## INFORMATION SHOWN
════════
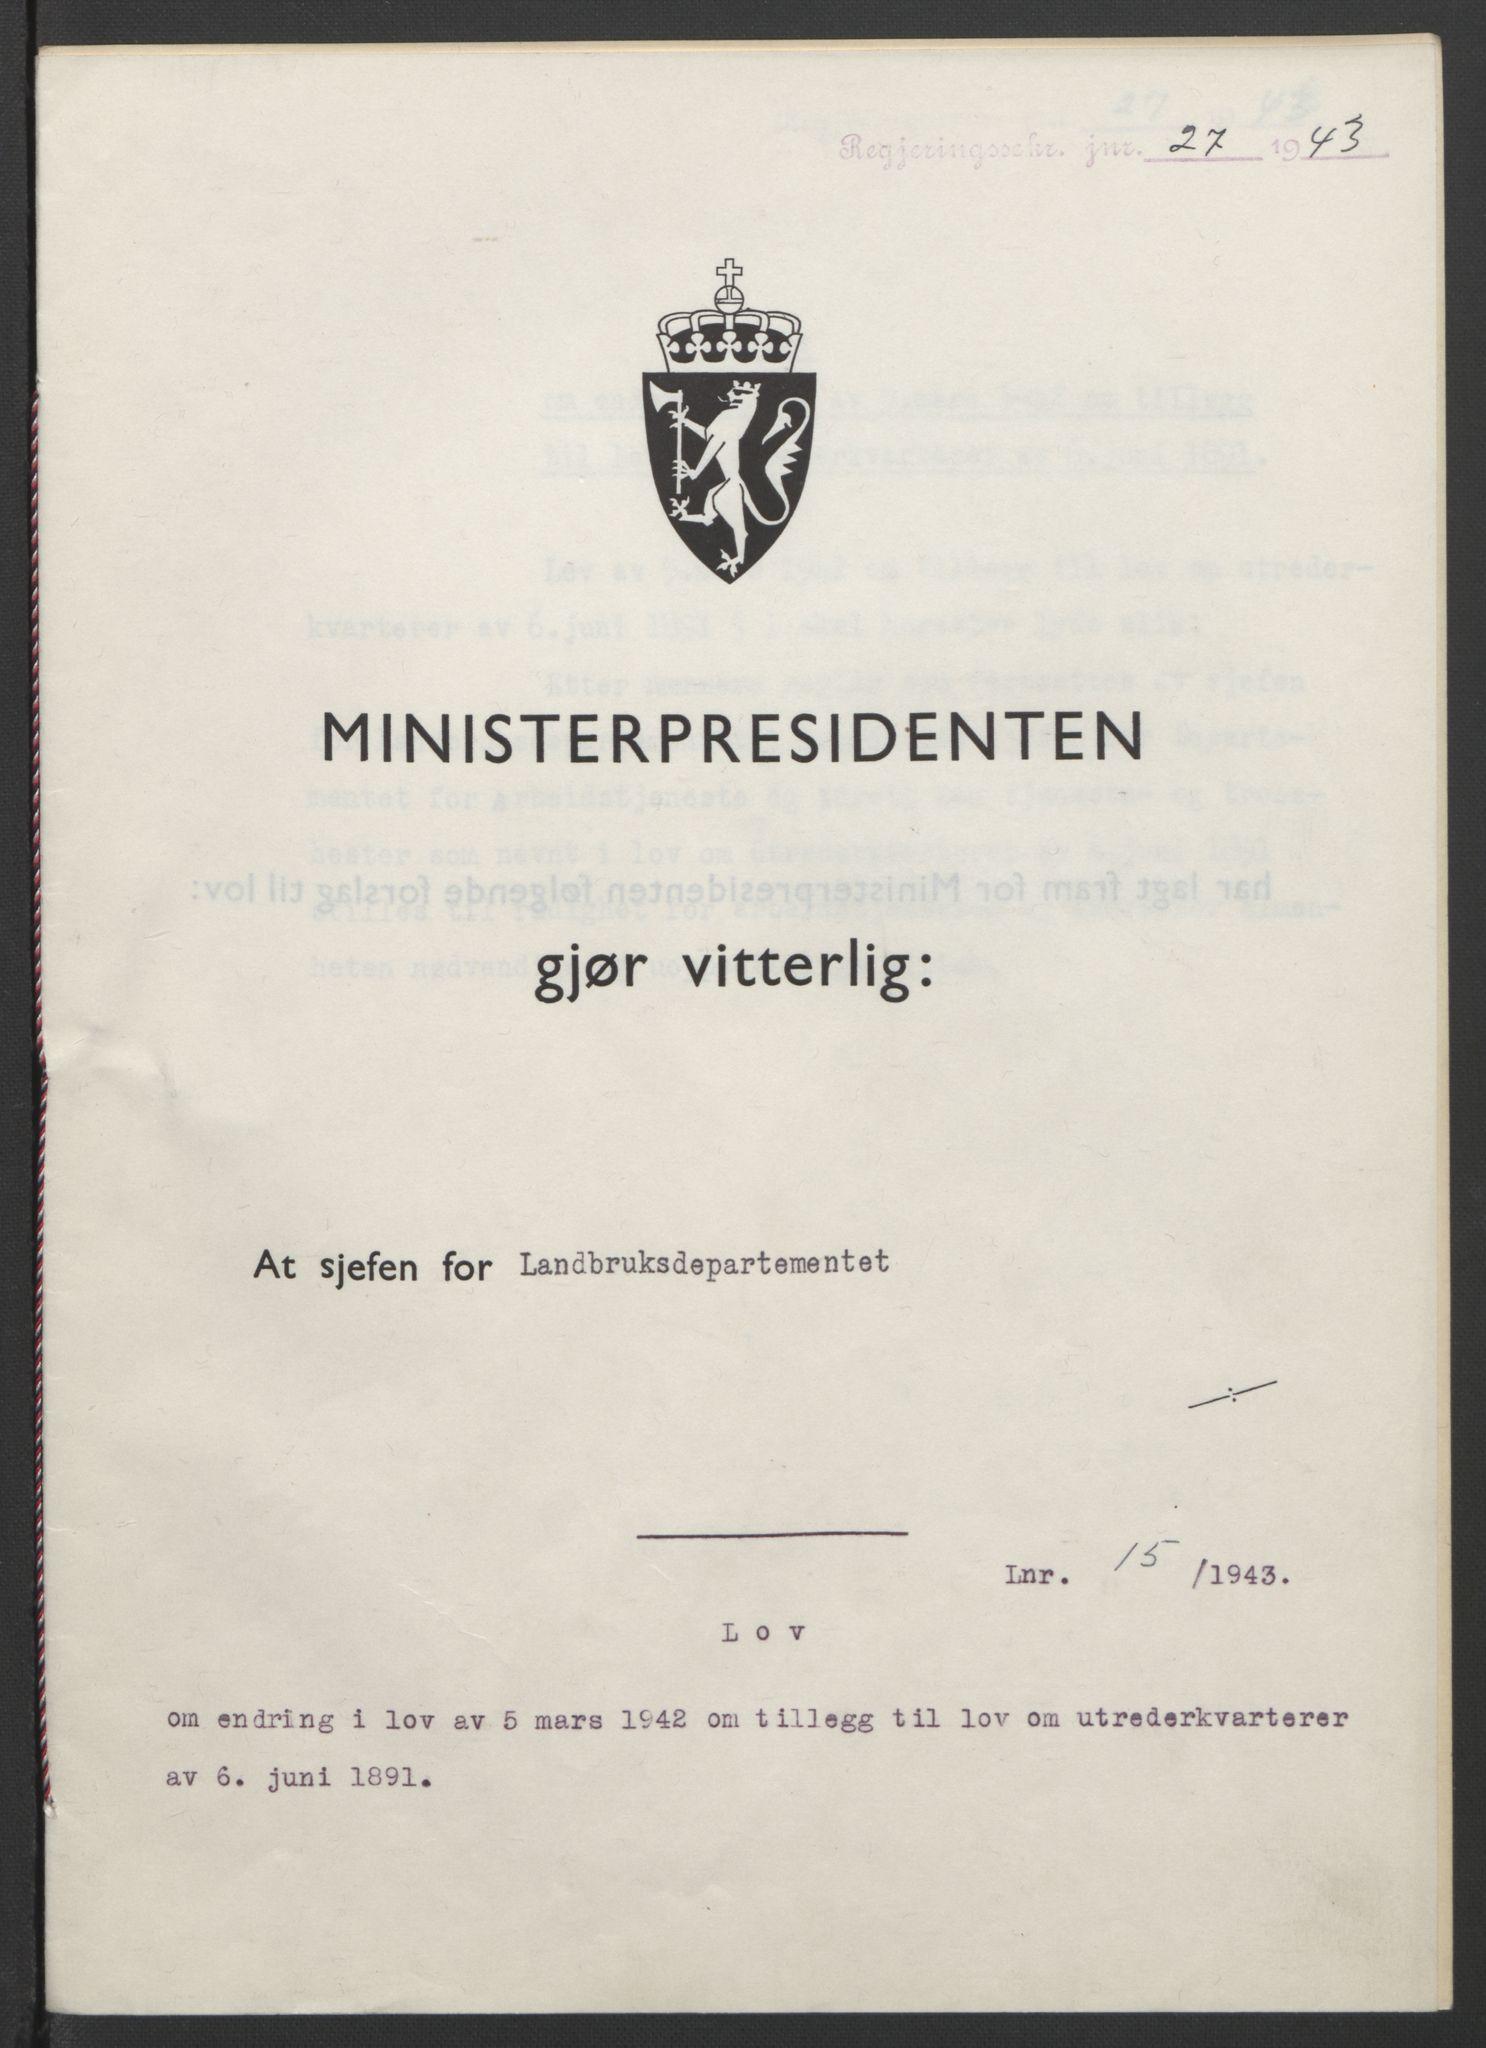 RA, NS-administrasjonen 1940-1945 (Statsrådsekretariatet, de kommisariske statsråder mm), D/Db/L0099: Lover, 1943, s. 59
════════
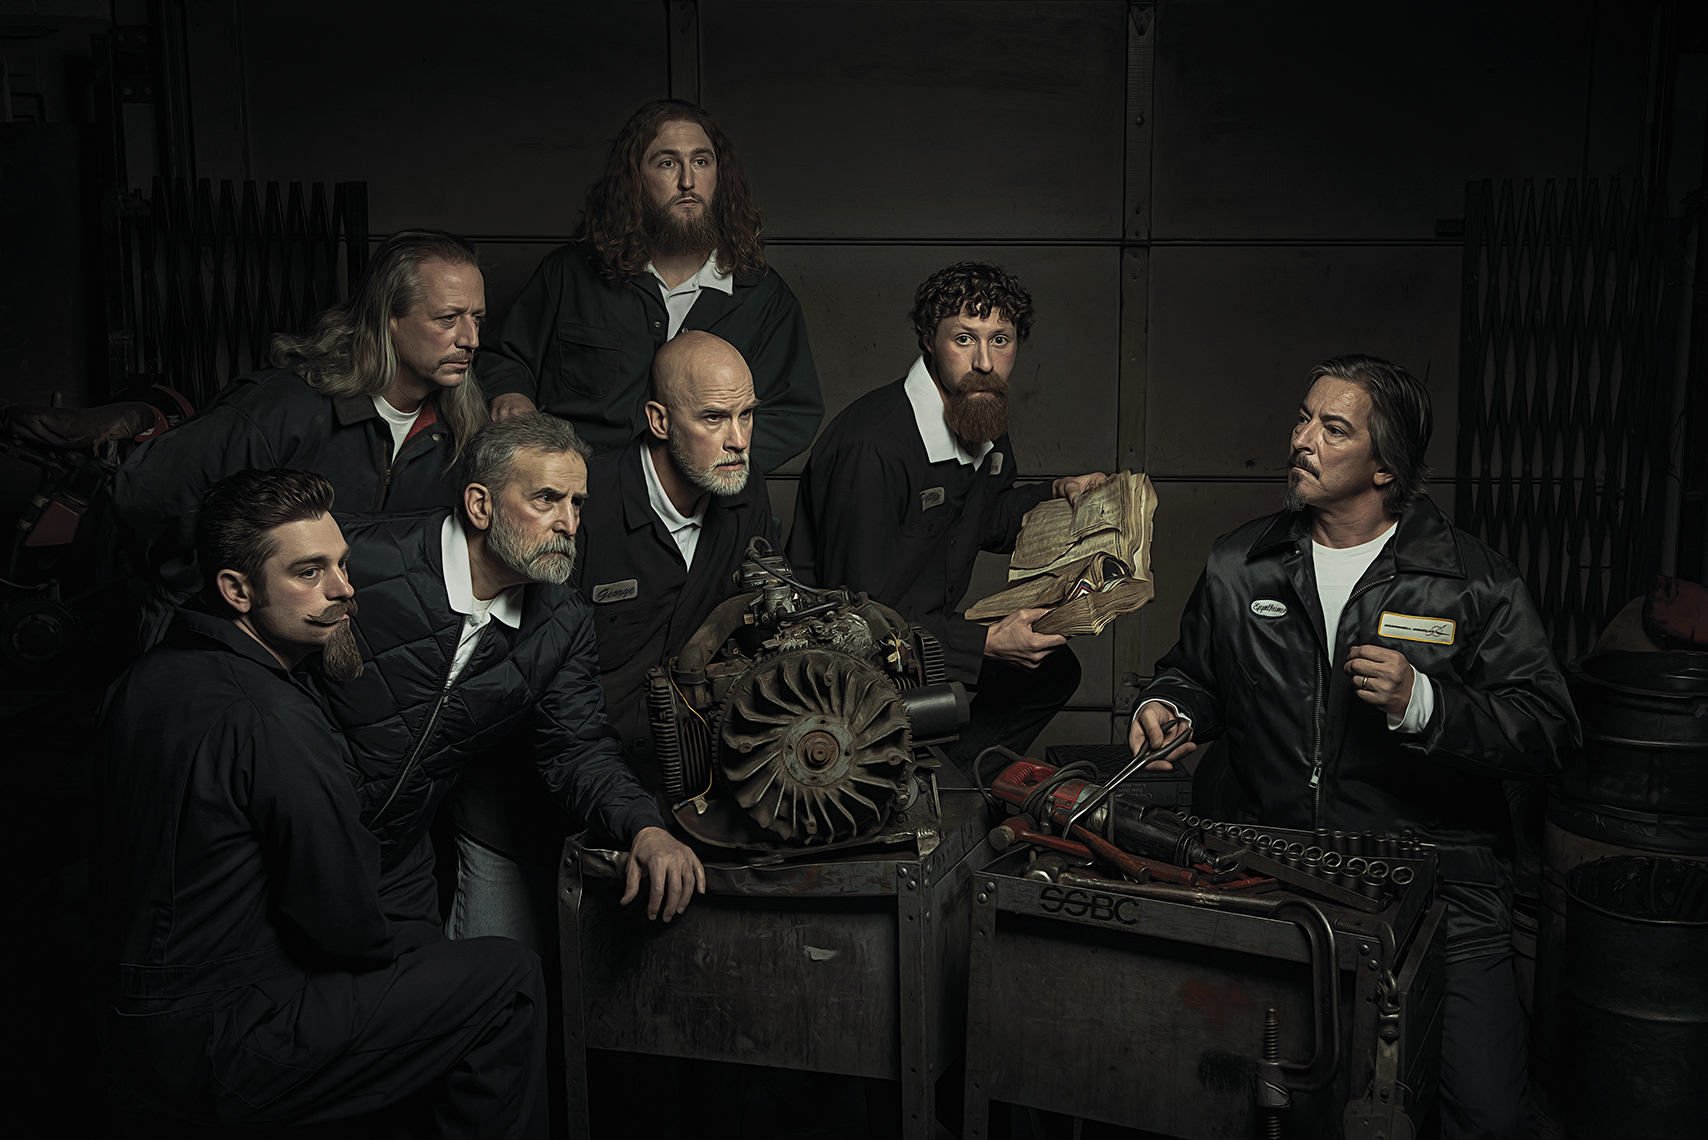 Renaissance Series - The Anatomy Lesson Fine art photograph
════════
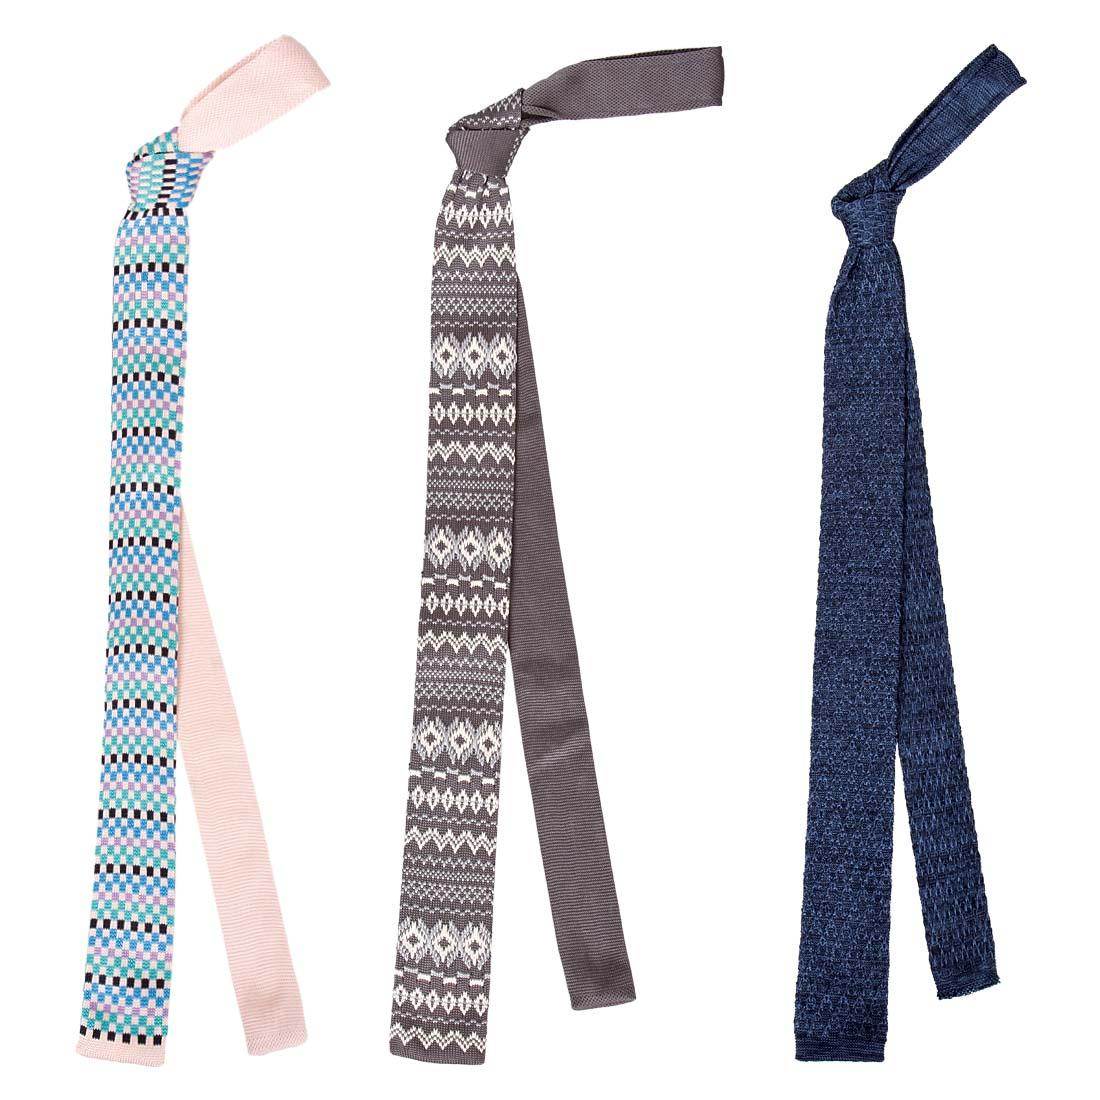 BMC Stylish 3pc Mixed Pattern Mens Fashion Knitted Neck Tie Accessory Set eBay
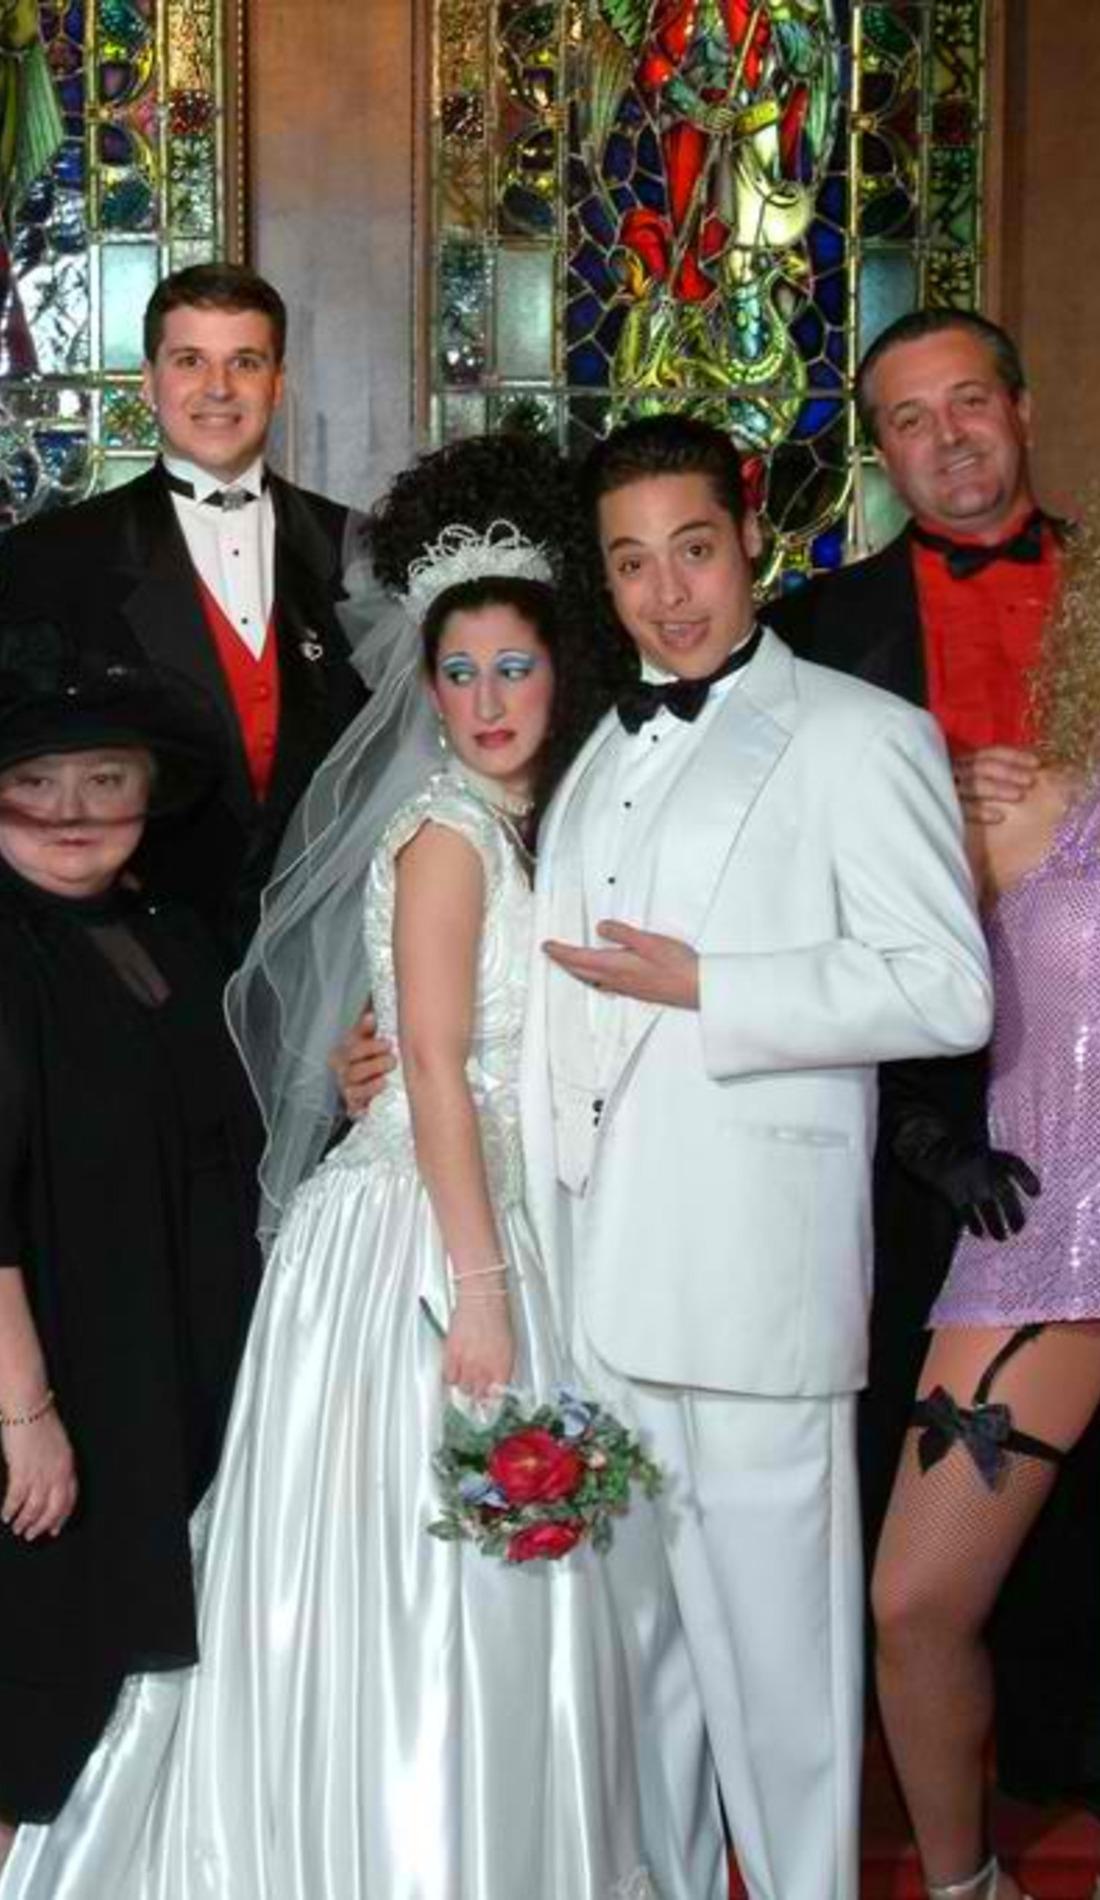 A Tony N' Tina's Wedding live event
════════
## EXERCISE INSTRUCTIONS
Could you repeat, exactly, only the lines above starting at the one that has "BMC Stylish 3pc" and stopping after the one that has "A Tony N' Tina's Wedding live event", without the pictures?

## ANSWER SPACE
 BMC Stylish 3pc Mixed Pattern Mens Fashion Knitted Neck Tie Accessory Set eBay
 A Tony N' Tina's Wedding live event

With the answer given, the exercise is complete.